= Lu Xisheng =

Lu Xisheng (陸希聲) (d. 895) was an official of the Chinese Tang dynasty, who briefly served as chancellor during the reign of Emperor Zhaozong.

== Background ==
It is not known when Lu Xisheng was born. His family claimed ancestry from the ruling house of Tian of the Warring States period state Qi and traced its subsequent ancestry through officials of the Han dynasty, the Jin dynasty (266–420), Liu Song, Southern Qi, the Liang dynasty, the Chen dynasty, and the Tang dynasty. Both Lu Xisheng's 5th-ancestor Lu Yuanfang and Lu Yuanfang's son Lu Xiangxian served as chancellors – Lu Yuanfang under the female sovereign Wu Zetian, who interrupted Tang and established her own state of Zhou, and Lu Xiangxian under Wu Zetian's son Emperor Ruizong of Tang and grandson Emperor Xuanzong. Lu Xisheng was descended from Lu Xiangxian's younger brother Lu Jingrong (陸景融). His grandfather Lu Mengru (陸孟儒) served under a prefectural prefect, and his father Lu Ao (陸翱) was not listed with any official titles.

== Early career ==
It was said that Lu Xisheng was studious and was good at writing. He particularly understood the I Ching, the Spring and Autumn Annals, and the Tao Te Ching well, and wrote many commentaries. At one point, he served on the staff of Zheng Yu (鄭愚) the prefect of Shang Prefecture (商州, in modern Shangluo, Shaanxi), at Zheng's request. After he left his service under Zheng, he became a hermit in Yixing. After a long period of time, he was summoned by the imperial government to serve as You Shiyi (右拾遺), an advisory official at the legislative bureau of government (中書省, Zhongshu Sheng). It was said that at that time the ruling officials were corrupt, and there had been several years of bad harvests, with the situation being particularly severe in the region of Bian (汴州, in modern Kaifeng, Henan) and Song (宋州, in modern Shangqiu, Henan) Prefectures. Lu realized the severity of the situation and submitted petitions that warned that these conditions would be prime for the appearance of agrarian rebels, but apparently his petition drew no reactions. The next year, as he warned, the agrarian rebel Wang Xianzhi started a major rebellion. Lu later served as the prefect of She Prefecture (歙州, in modern Huangshan, Anhui). Emperor Zhaozong heard of his fame and recalled him to the imperial government to serve as imperial attendant (給事中, Jishizhong).

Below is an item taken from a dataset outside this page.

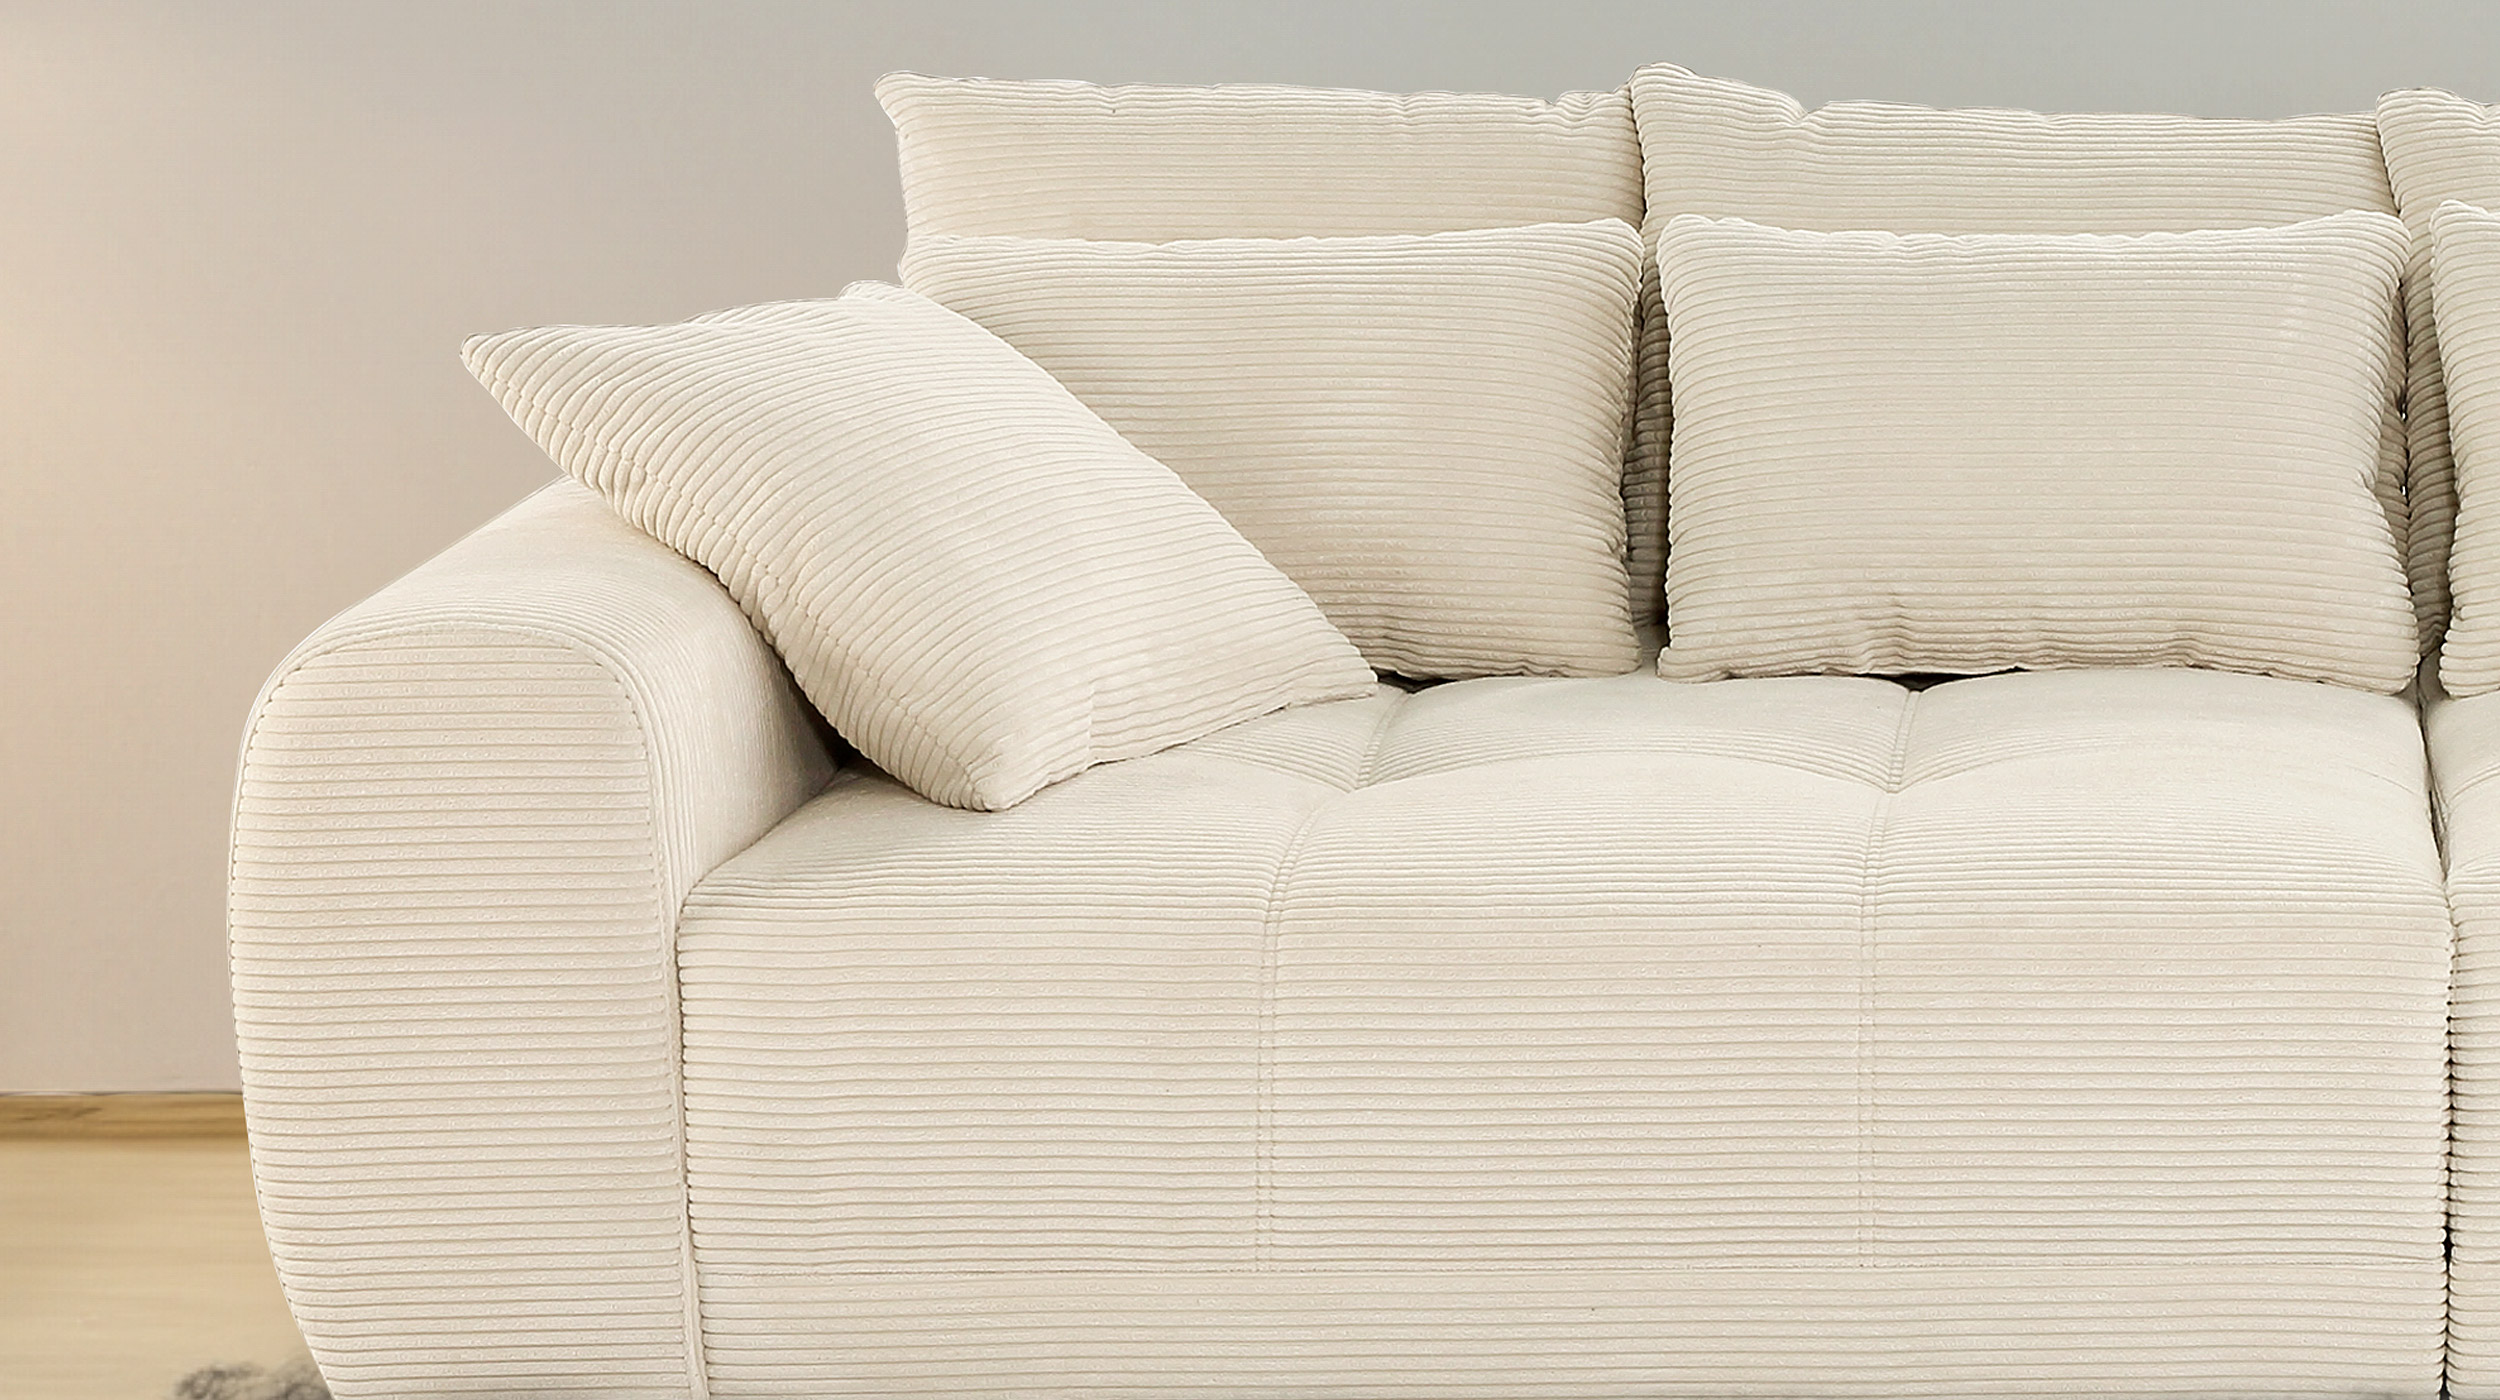 Big Sofa beige Cord 308 cm Federkernpolsterung - JANNI

== Chancellorship and after chancellorship ==
In 895, Emperor Zhaozong made Lu Xisheng the deputy minister of census (戶部侍郎, Hubu Shilang) and a chancellor with the designation Tong Zhongshu Menxia Pingzhangshi (同中書門下平章事). However, it was said that Lu did nothing important while being chancellor. He was removed from chancellorship just three months later and made an advisor to the Crown Prince. Later in the year, when Emperor Zhaozong fled the capital Chang'an into the Qinling Mountains due to the attack by the warlords Li Maozhen the military governor of Fengxiang Circuit (鳳翔, headquartered in modern Baoji, Shaanxi) and Wang Xingyu the military governor of Jingnan Circuit (靜難, headquartered in modern Xianyang, Shaanxi), Lu followed despite his being ill at the time. He apparently died during flight, and was subsequently given posthumous honors and the posthumous name of Wen (文, "civil").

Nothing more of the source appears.